Ma allora quale è la ricaduta pratica di queste considerazioni?

La non-illusione, per esempio. Il riconoscere che la vita non sarà eterna e che perciò è bene che ci occupi di ciò che realmente ci interessa, piuttosto che di progetti senza fine.
Ne consegue che la vita ha senso se vale la pena di essere vissuta, anche a costo di grandi sacrifici. Altrimenti è solo un “vivre pur vivre”.
Non bisogna nemmeno dimenticare il valore individuale dell’esistenza. In fondo l’unica vera proprietà che l’uomo possiede è la possibilità di morire, non di vivere.
Ritengo doveroso quindi preoccuparsi del desiderio dell’uomo di morire tranquillo,
senza opposizioni o impedimenti, il momento in cui egli decide di farlo.
Ricordo a questo proposito ricordo un bel saggio di Hume sul suicidio, che vedo stranamente dimenticato da tutti coloro che si occupano di etica , bioetica e deontologia applicata alla medicina

Ma non volendo estremizzare i termini della questione che cosa può ricercare una persona comune?

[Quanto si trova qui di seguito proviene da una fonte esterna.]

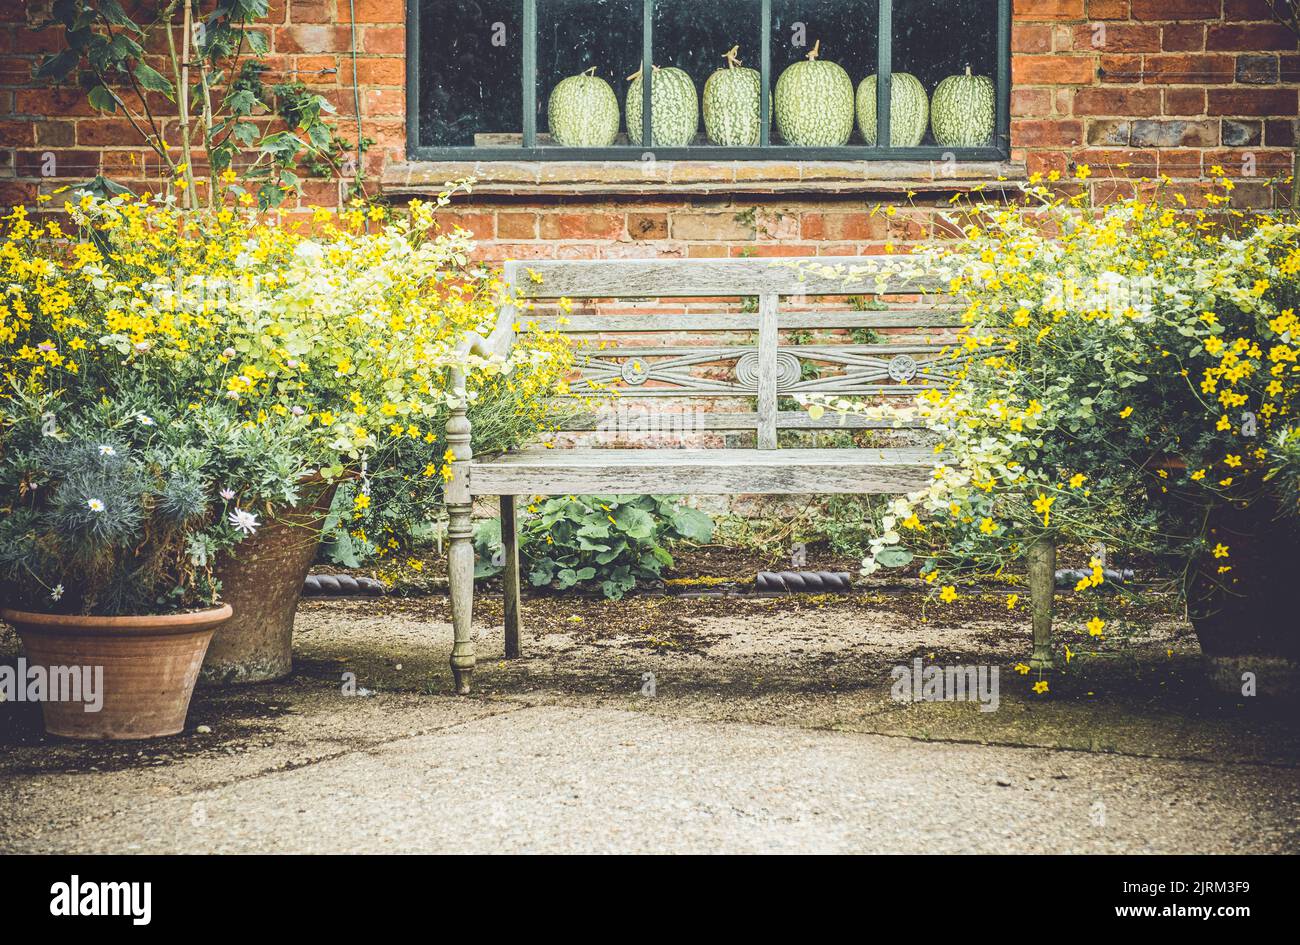 L'eau de saison se fond dans une fenêtre en forme de bestiole à Eythrope Gardens, sur le domaine de Waddesdon Manor. Banque D'Images
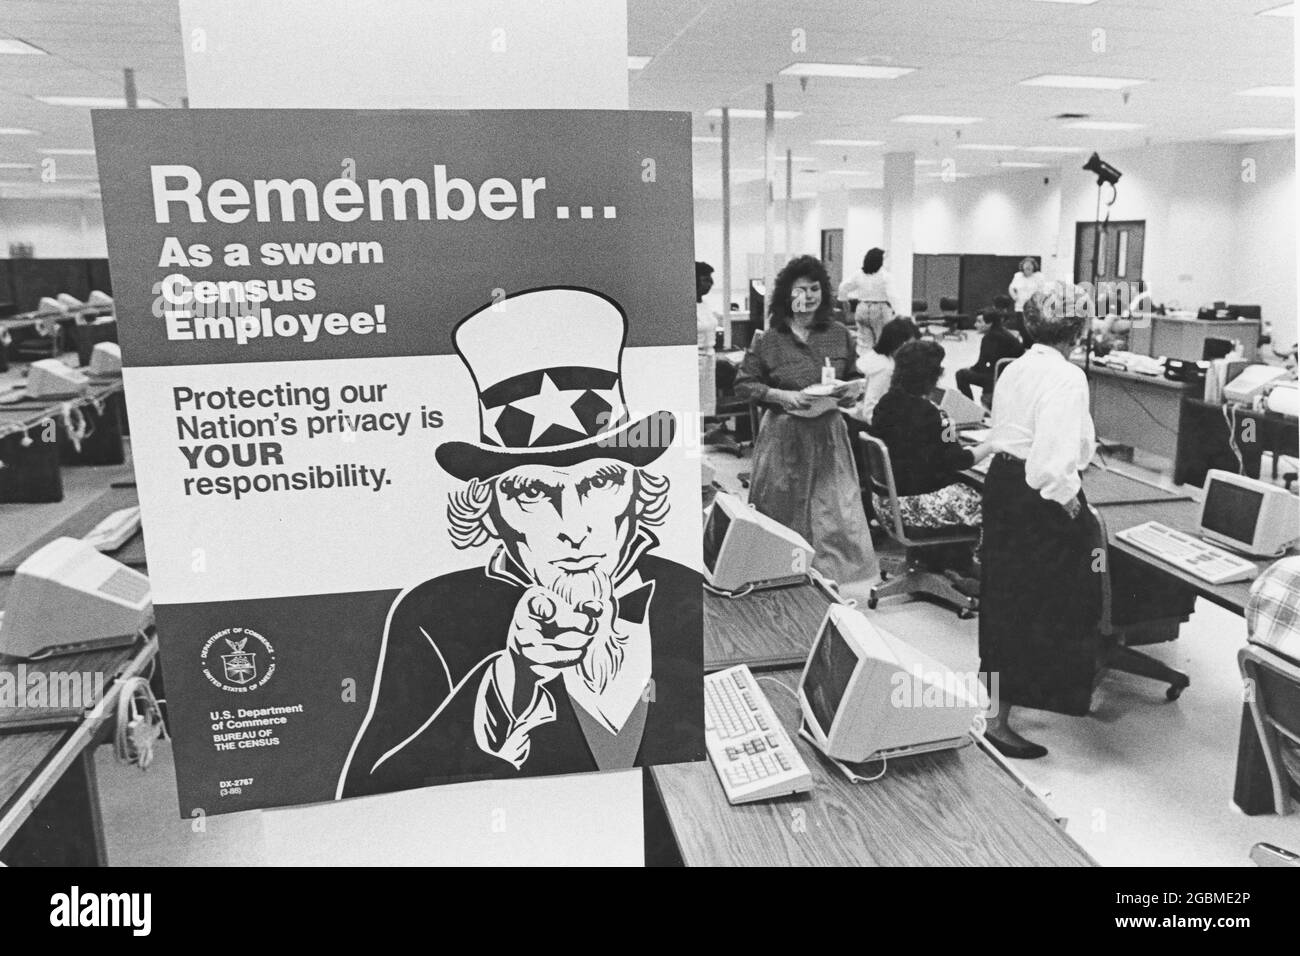 Austin, Teas USA, 1990: Le signe oncle Sam rappelle aux employés du centre de traitement des données régional du recensement des États-Unis de maintenir la confidentialité des renseignements fournis par les répondants du recensement. ©Bob Daemmrich Banque D'Images

Un buon consigliere, o un buon amico, il che è la stessa cosa.
Qualcuno che la riporti alla realtà quando sta perdendo di vista i suoi limiti.
Un buon medico. Qualcuno che sappia dirgli quali sono i suoi errori e sappia indicargli come evitarli o superarli. Un medico volto alla persona, non ad un ammasso di cellule informi.
Un medico che sappia essere anche duro ma speranzoso. Come un padre o, per estensione, come un Dio.
Non dovrebbe essere conosciuto come erudito e drammatico, o peggio, distaccato e freddo. In questo caso egli o è inesperto e insicuro da non saper gestire le proprie emozioni, o, nel secondo caso, cerca nella professione solo la soddisfazione personale. Queste persone sono da evitare in quanto non terapisti, ma formatori di
eterni malati.

E cosa dire dei malati, pazienti, clienti del sistema sanitario?

La cosa migliore penso sia l’onestà.
Il cliente deve essere onesto nelle sue pretese. Solo così avrà il diritto etico di potersi lamentare se qualcosa non funziona.
Solo a quel punto avrà il diritto di esigere che il sistema si adatti ai bisogni e non il contrario.